In practice, most of these files were either left empty, or were very small.(less than 40 lines). The need for multiple "topical" files was grossly skewed by the needs of Cloud Foundry deployments.
The potential for same-level override confusion was high. Because of the multiple different files at each level, it was possible to (accidentally or purposefully) set the same properties to different values, leading to perplexing override situations.
For example, if a property was set in properties.yml
, it could
be reliably overridden in name.yml
, at the environment level.
This lead to situations where the property was changed in the
first file, without affecting the final manifest. This surprising
behavior should not be possible.
Files in global/ were often not portable. Whether because of client need, or legacy / pedigree / history (i.e. migration), global template files were not easily ported across clients. GE and Ford are prime examples - changes have been made to global templates to facilitate client needs in both cases, making them mutually irreconcilable for future reuse.
Use of <release>/ and stemcell/ caused confusion and didn't pan out for their intended use. Initially, we used the "small files" approach to specifying stemcell and release versions so that we could take advantage of the bosh-io-release and bosh-io-stemcell Concourse resources. Prevailing thought at the time was the pipelines were going to attempt to constantly upgrade releases as point-revisions were cut, and that new stemcells would be rolled out automatically.

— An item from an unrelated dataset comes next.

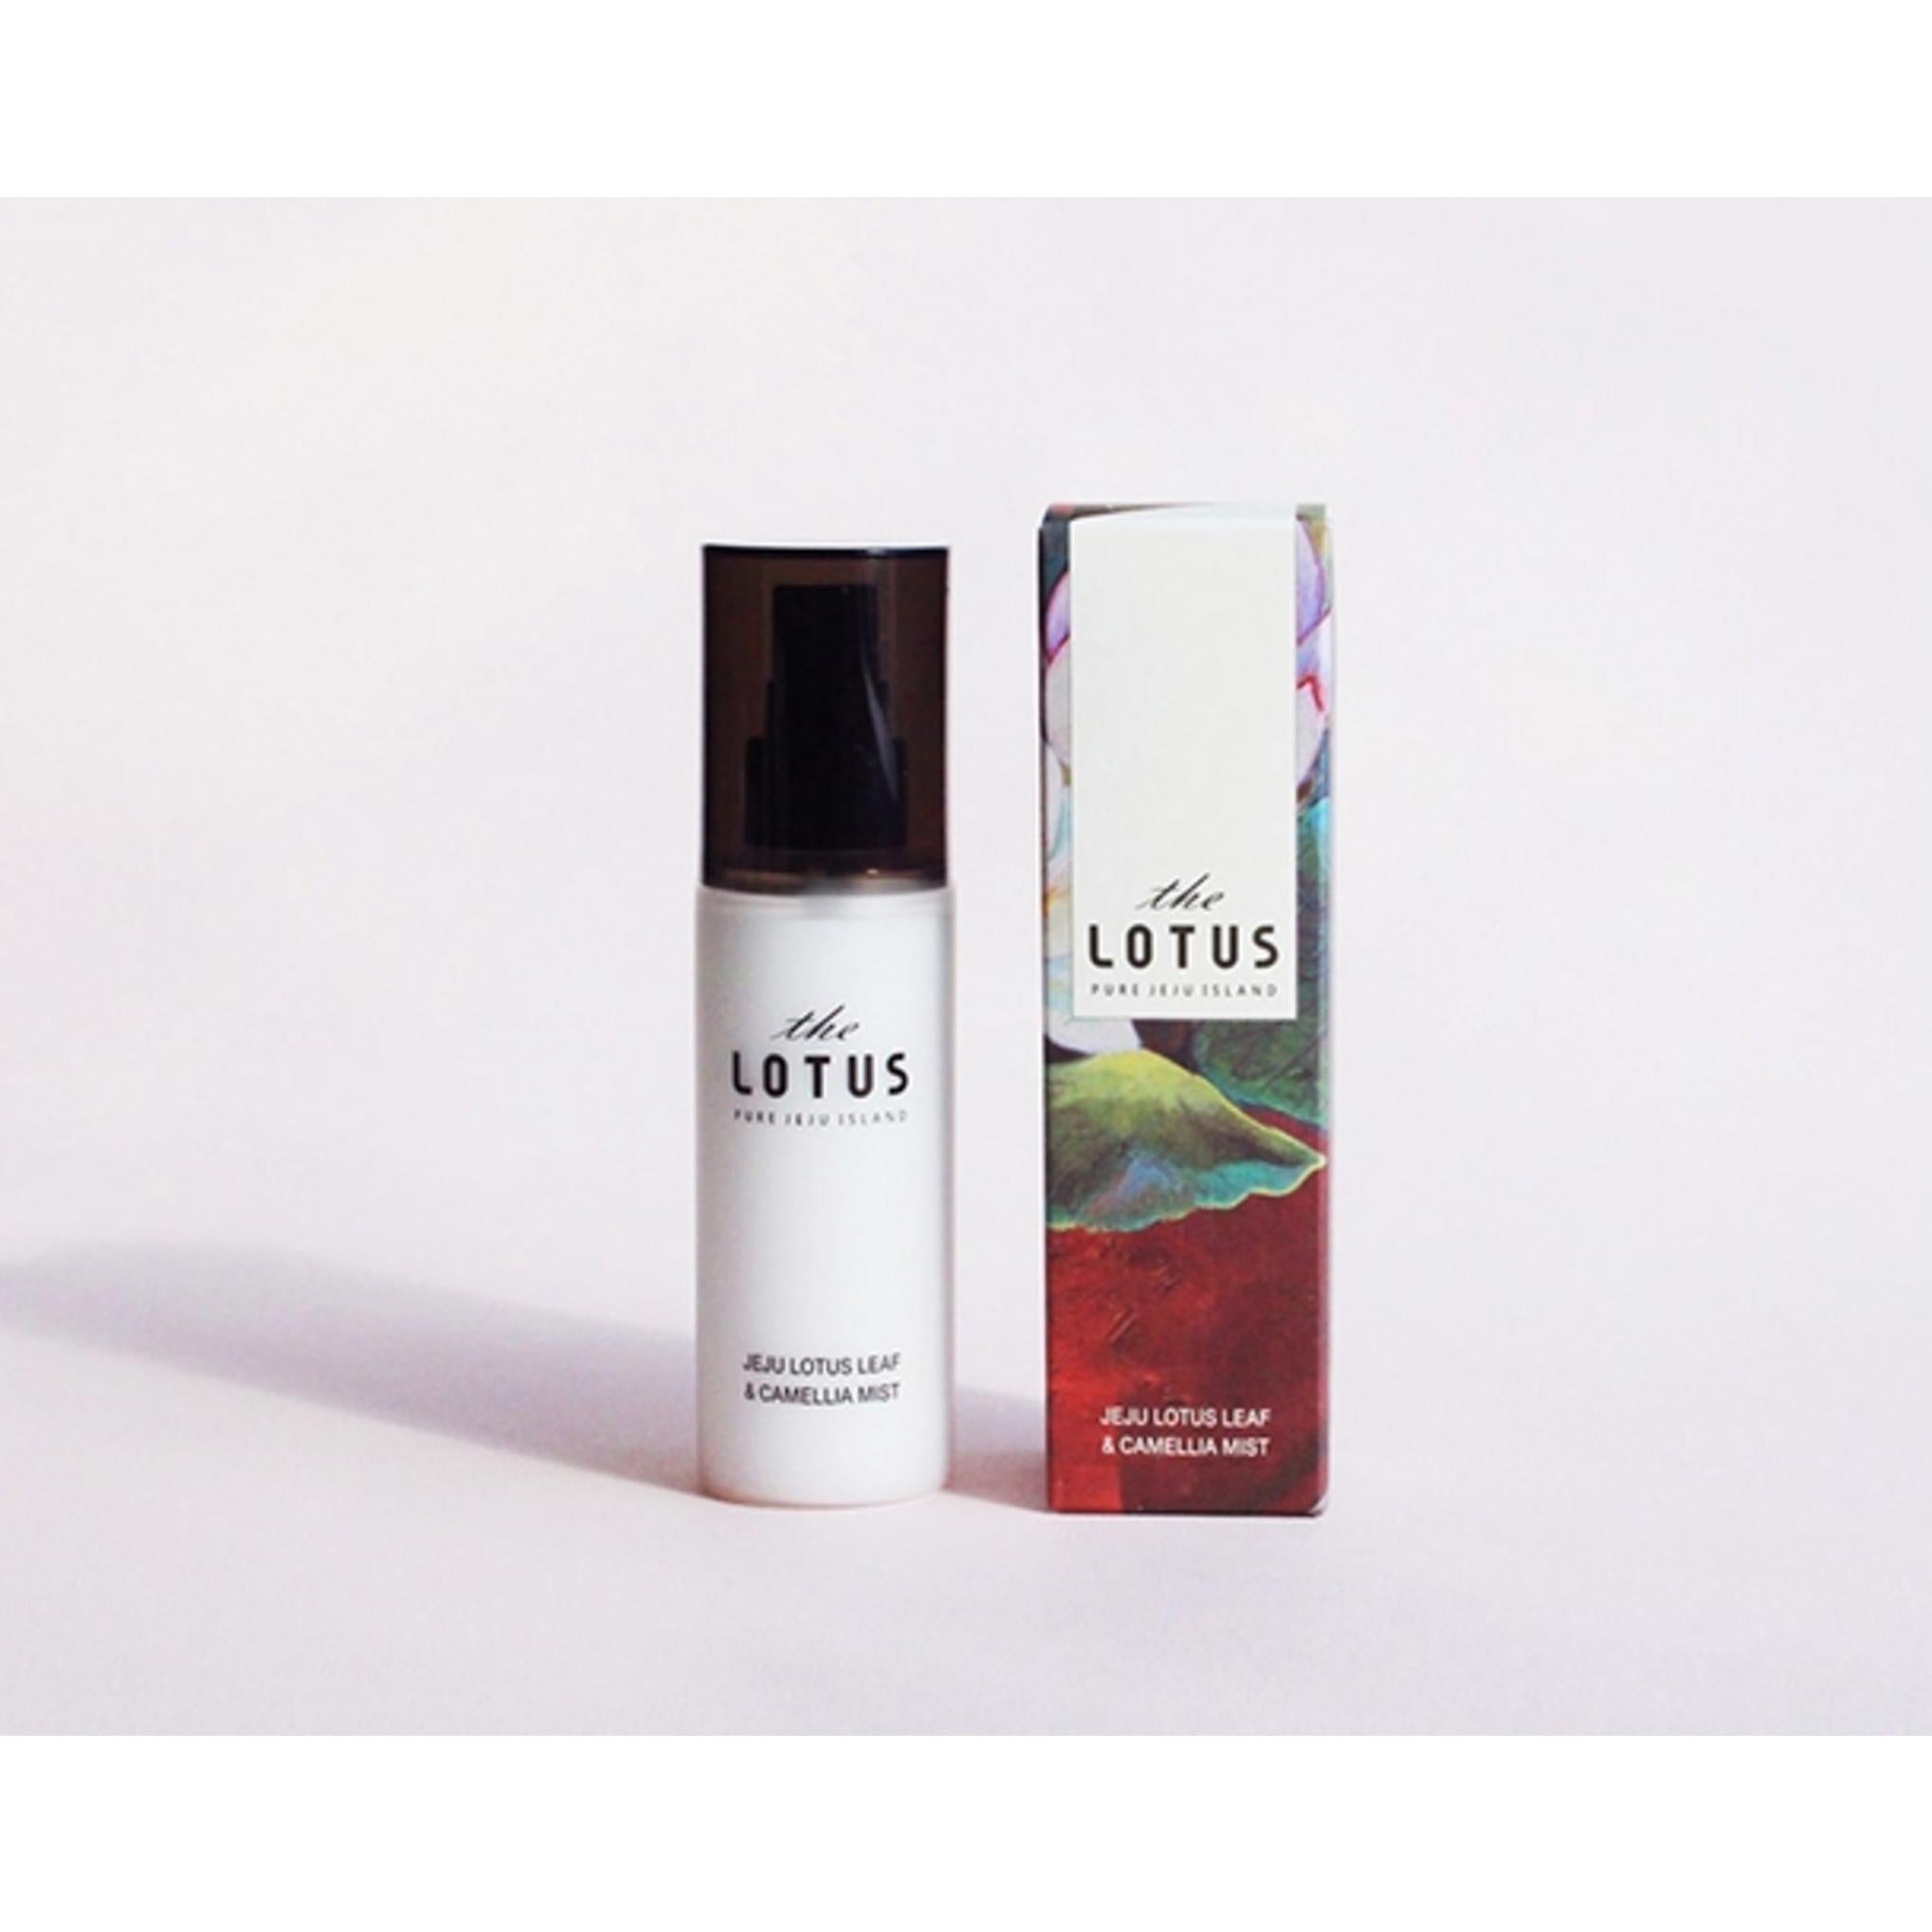 The Pure Lotus Jeju Lotus Leaf Mist + Cream 2p Set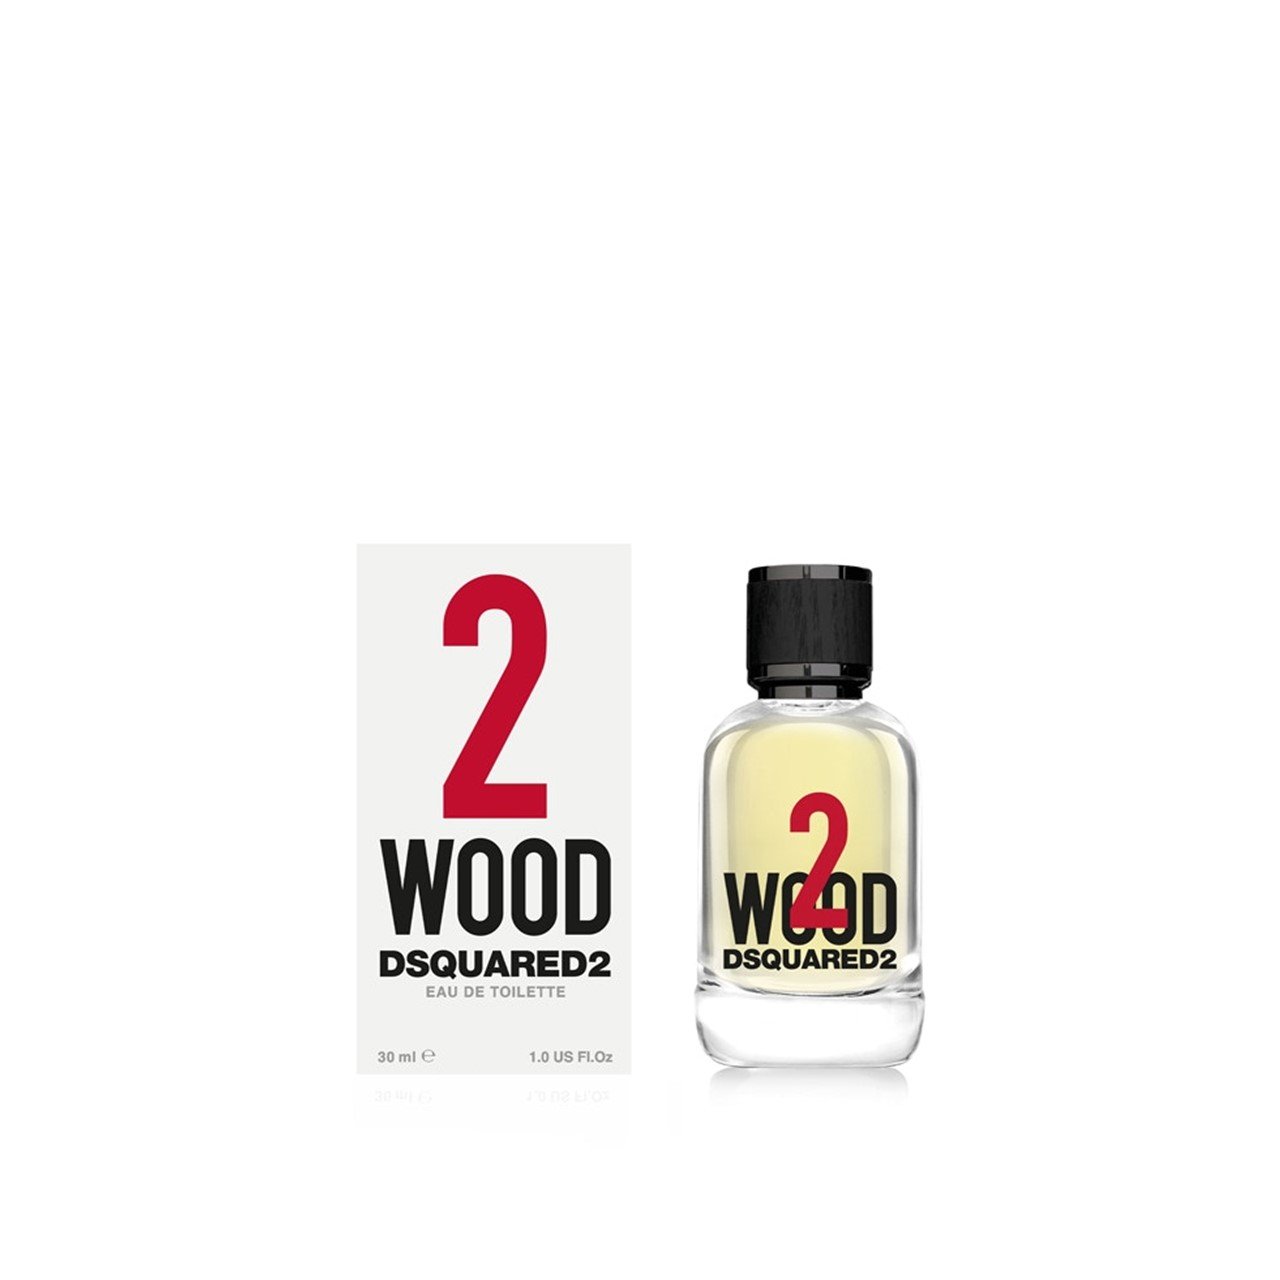 Dsquared2 2 Wood Eau de Toilette 30ml (1.0fl oz)

In practice, meaningful release upgrades invariably brought manifest changes, including property renames / reorganization, and sometimes entirely new jobs into the picture. It was impossible (or at least infeasible) to automate these changes, so release upgrades were performed manually (aided by the pipeline).
Stemcell upgrades should be fully orthogonal to the releases, and with a few notable exceptions (mainly, garden-* and kernel versions), they are. However, several clients were hesitant to automatically roll new stemcells without testing for security issues, compliance problems and loss of functionality, above and beyond bundled smoke tests. This again because a mostly manual process.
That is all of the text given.